| Your goal |
Reprint all of the data below exactly as shown and skip every image.

--- Source data ---

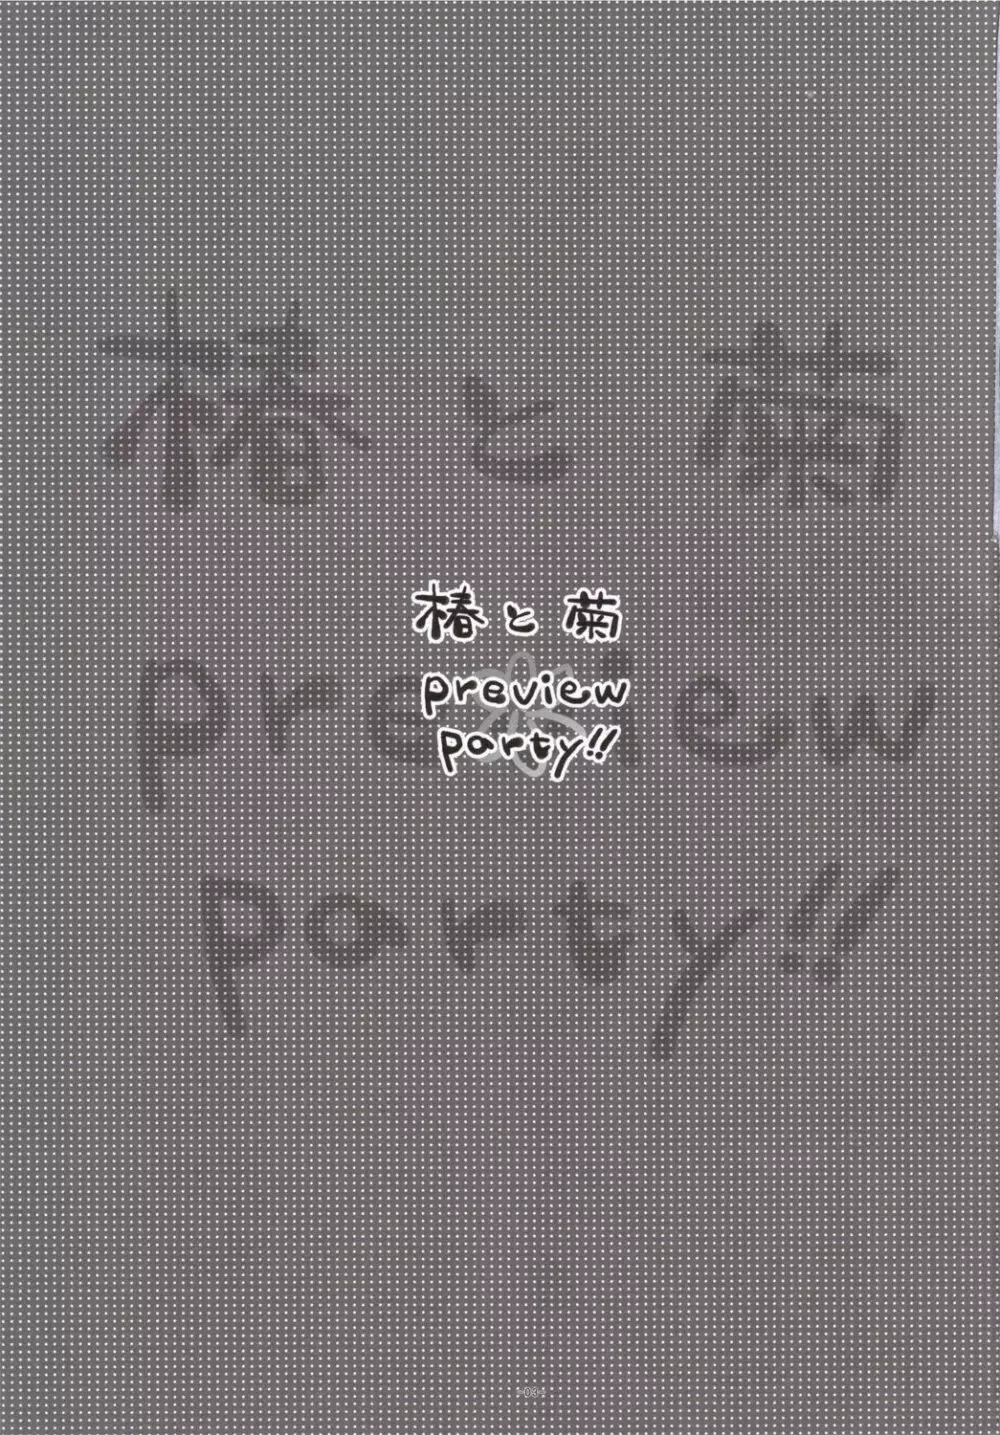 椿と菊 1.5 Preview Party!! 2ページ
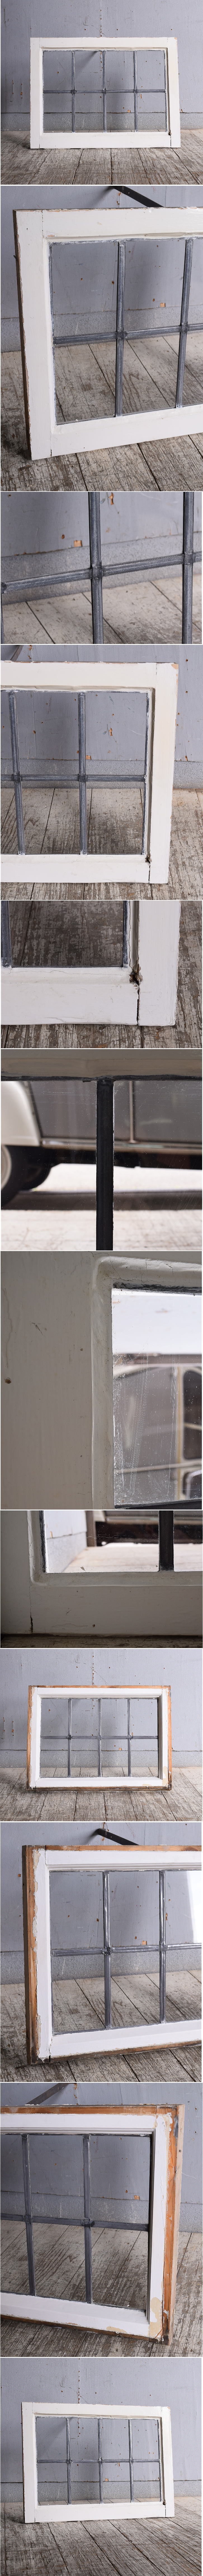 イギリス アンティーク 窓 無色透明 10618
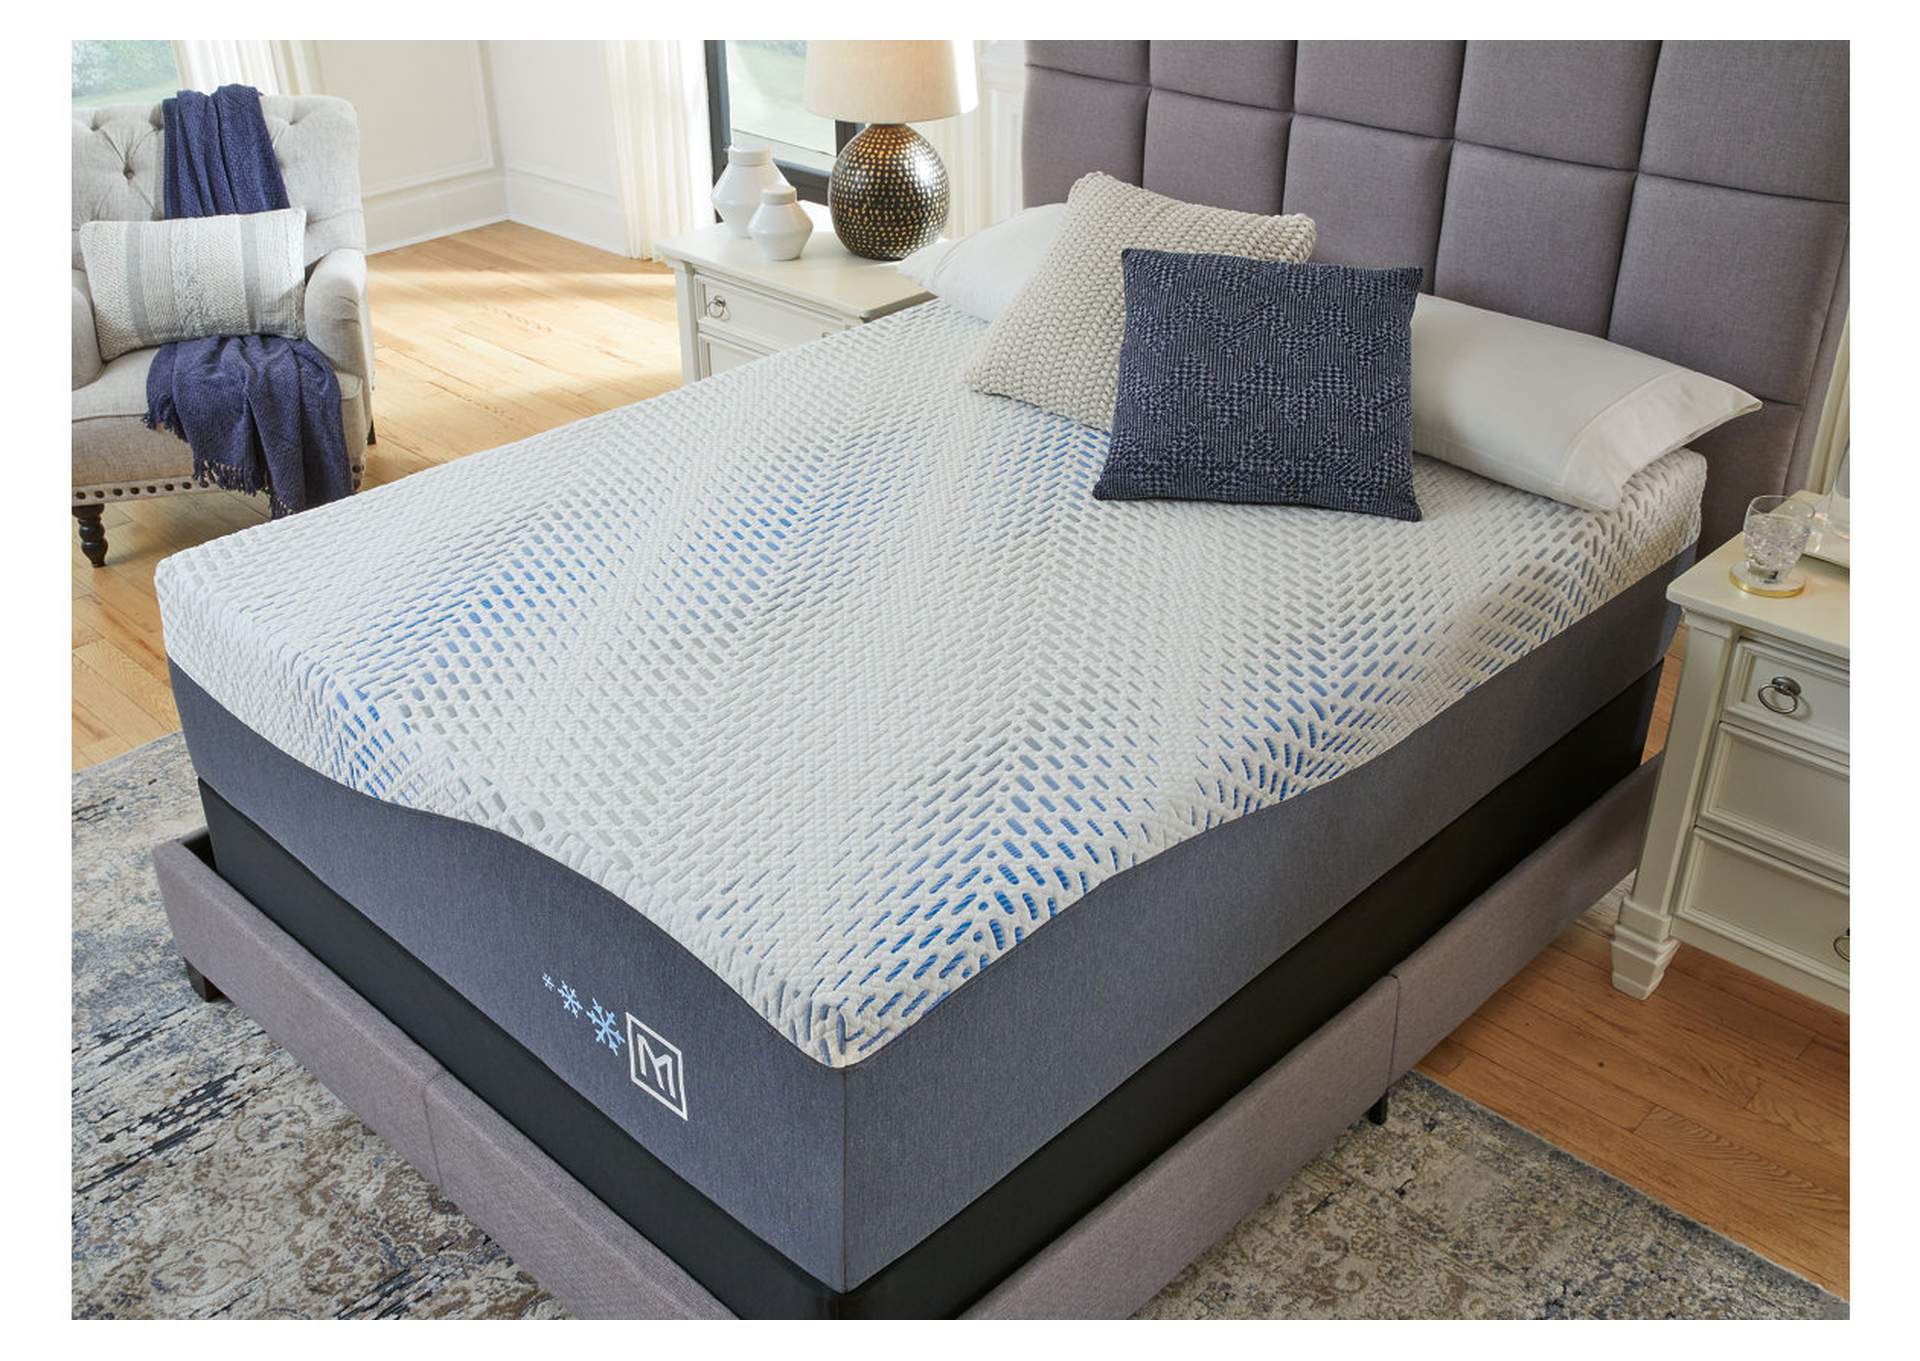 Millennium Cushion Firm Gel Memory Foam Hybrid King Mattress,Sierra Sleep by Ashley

---

| Solution below |
 椿と菊 1.5 Preview Party!! 2ページ
 イギリス アンティーク 窓 無色透明 10618
 Millennium Cushion Firm Gel Memory Foam Hybrid King Mattress,Sierra Sleep by Ashley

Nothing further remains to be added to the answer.